3. Invitae (parse_invitae.py)

  • URL: https://www.invitae.com/en/providers/test-catalog/test-01101
  • Panel: Multi-Cancer Panel
  • Method: JavaScript-rendered with Selenium
  • Genes: ~80 cancer predisposition genes

4. GeneDx (parse_genedx.py)

  • URL: https://www.genedx.com/tests/detail/oncogenedx-custom-panel-871
  • Panel: Comprehensive Cancer Panel
  • Method: Static HTML parsing
  • Genes: ~70 hereditary cancer genes

5. Fulgent Genetics (parse_fulgent.py)

  • URL: https://www.fulgentgenetics.com/comprehensivecancer-full
  • Panel: Comprehensive Cancer Panel
  • Method: BeautifulSoup with fallback strategies
  • Genes: ~130 cancer genes

Additional Providers

  1. Centogene - Solid tumor panel
  2. CEGAT - Tumor syndrome panel
  3. MGZ Munich - German cancer panel
  4. University of Chicago - Academic cancer panel
  5. Prevention Genetics - Hereditary cancer panel
  6. ARUP Laboratories - Clinical cancer panel
  7. Cincinnati Children's - Pediatric focus
  8. NeoGenomics - Oncology specialists
  9. Natera - Hereditary cancer test

Parser Implementation

Base Parser Class

All parsers inherit from BaseParser:

class BaseParser(ABC):
    """Abstract base parser for commercial panels."""

    def __init__(self, config: dict[str, Any]):
        self.name = config["name"]
        self.url = config["url"]
        self.output_path = config["output_path"]

    @abstractmethod
    def parse(self) -> list[str]:
        """Extract gene symbols from website."""
        pass

    def save_results(self, genes: list[str]) -> None:
        """Save standardized JSON output."""
        # Implemented in base class

Parsing Strategies

Static HTML (BeautifulSoup)

For simple HTML pages:

def parse(self) -> list[str]:
    response = requests.get(self.url, timeout=30)
    soup = BeautifulSoup(response.content, "html.parser")

    # Primary: XPath-like selection
    genes = soup.select("td.gene-symbol")

    # Fallback: Text pattern matching
    if not genes:
        genes = soup.find_all(text=re.compile(r'^[A-Z][A-Z0-9]+$'))

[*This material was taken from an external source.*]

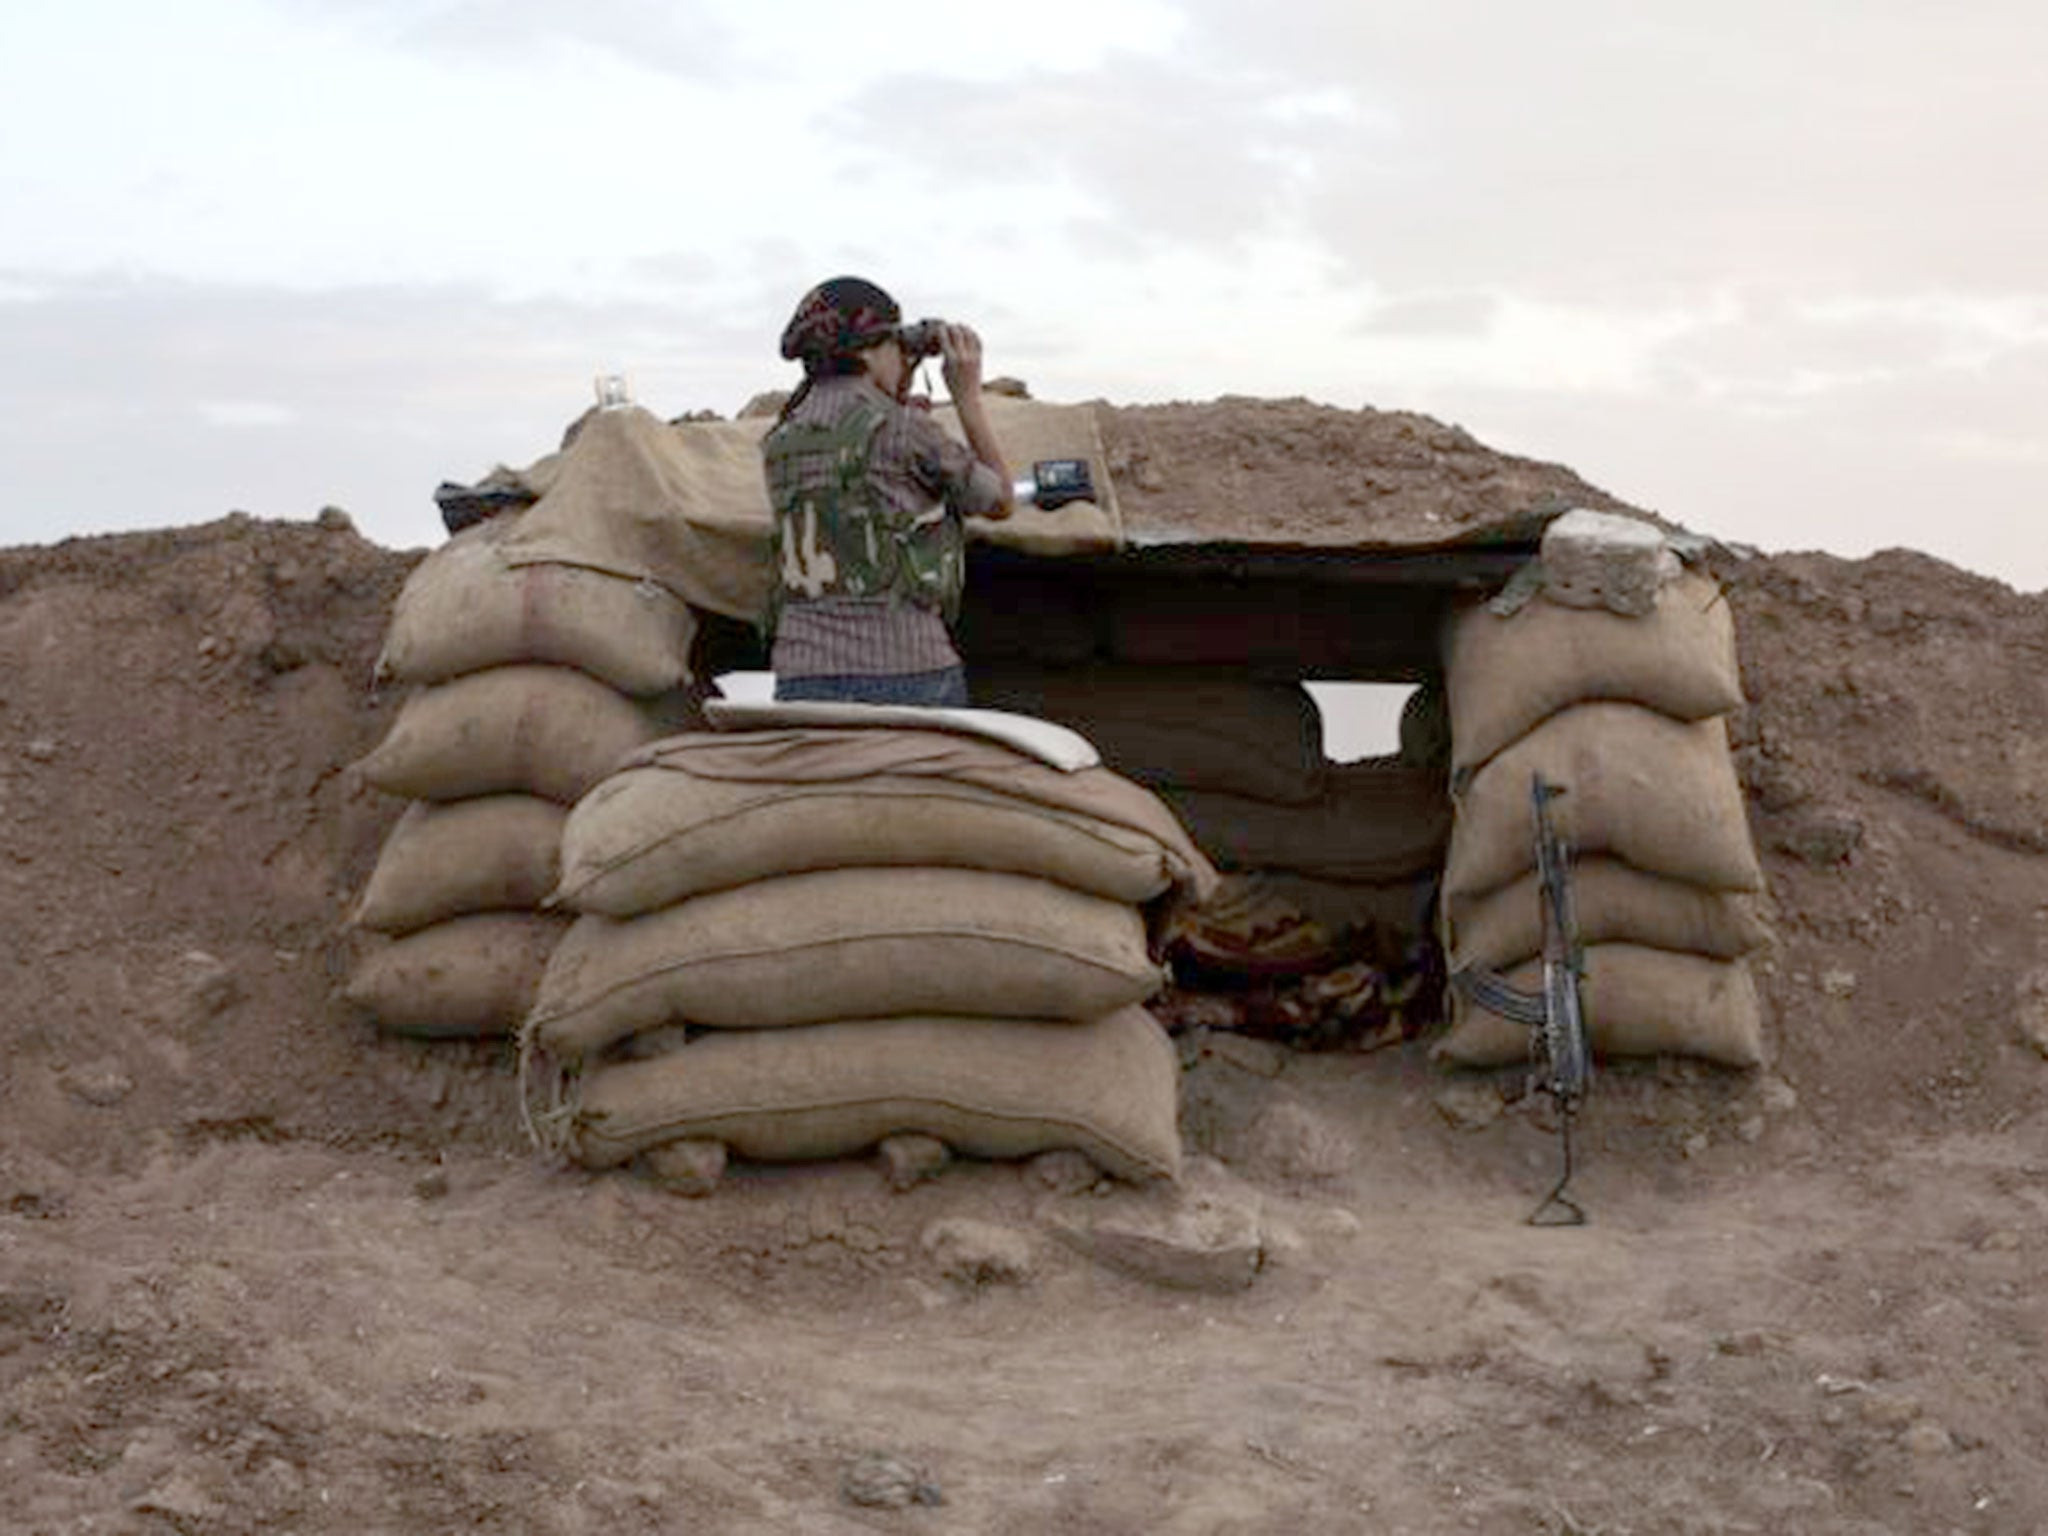 Kurdish-led force seizes Isis stronghold in northeast Syria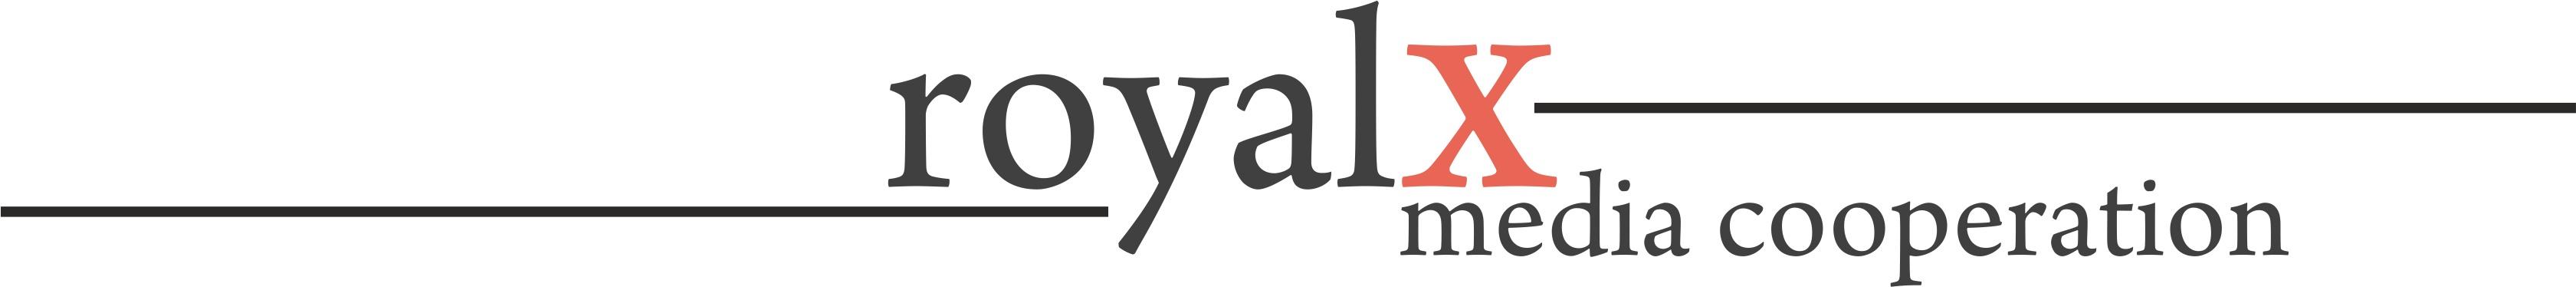 royalX media cooperation

    return self._clean_gene_list(genes)

Dynamic JavaScript (Selenium)

For JavaScript-rendered content:

def parse(self) -> list[str]:
    options = webdriver.ChromeOptions()
    options.add_argument("--headless")

    with webdriver.Chrome(options=options) as driver:
        driver.get(self.url)

        # Wait for content to load
        wait = WebDriverWait(driver, 10)
        wait.until(EC.presence_of_element_located((By.CLASS_NAME, "gene-list")))

        # Extract genes
        elements = driver.find_elements(By.CSS_SELECTOR, ".gene-name")
        return [elem.text.strip() for elem in elements]

Gene Validation

All parsers apply consistent validation:

def _clean_and_validate(self, genes: list[str]) -> list[str]:
    """Clean and validate gene symbols."""
    cleaned = []

    for gene in genes:
        # Remove common suffixes
        gene = re.sub(r'\*|\(.*\)|\s+', '', gene)

        # Validate format
        if self._is_valid_gene(gene):
            cleaned.append(gene)

    return list(dict.fromkeys(cleaned))  # Remove duplicates

def _is_valid_gene(self, symbol: str) -> bool:
    """Check if string is likely a gene symbol."""
    return (
        1 <= len(symbol) <= 20 and
        re.match(r'^[A-Z][A-Z0-9\-\_]*$', symbol) and
        symbol not in SKIP_TERMS
    )

Output Format

All scrapers produce standardized JSON:

{
  "panel_name": "myriad_myrisk",
  "source_url": "https://myriad.com/gene-table/",
  "retrieval_date": "2024-01-15",
  "gene_count": 35,
  "genes": [
    "APC",
    "ATM", 
    "BRCA1",
    "BRCA2",
    "CDH1",
    "CHEK2",
    "MLH1",
    "MSH2",
    "MSH6",
    "PALB2",
    "PMS2",
    "PTEN",
    "STK11",
    "TP53"
  ]
}

Adding New Scrapers

Step 1: Create Parser Class

Create scrapers/parsers/parse_newprovider.py:

from typing import Any
from .base_parser import BaseParser

class NewProviderParser(BaseParser):
    """Parser for NewProvider gene panel."""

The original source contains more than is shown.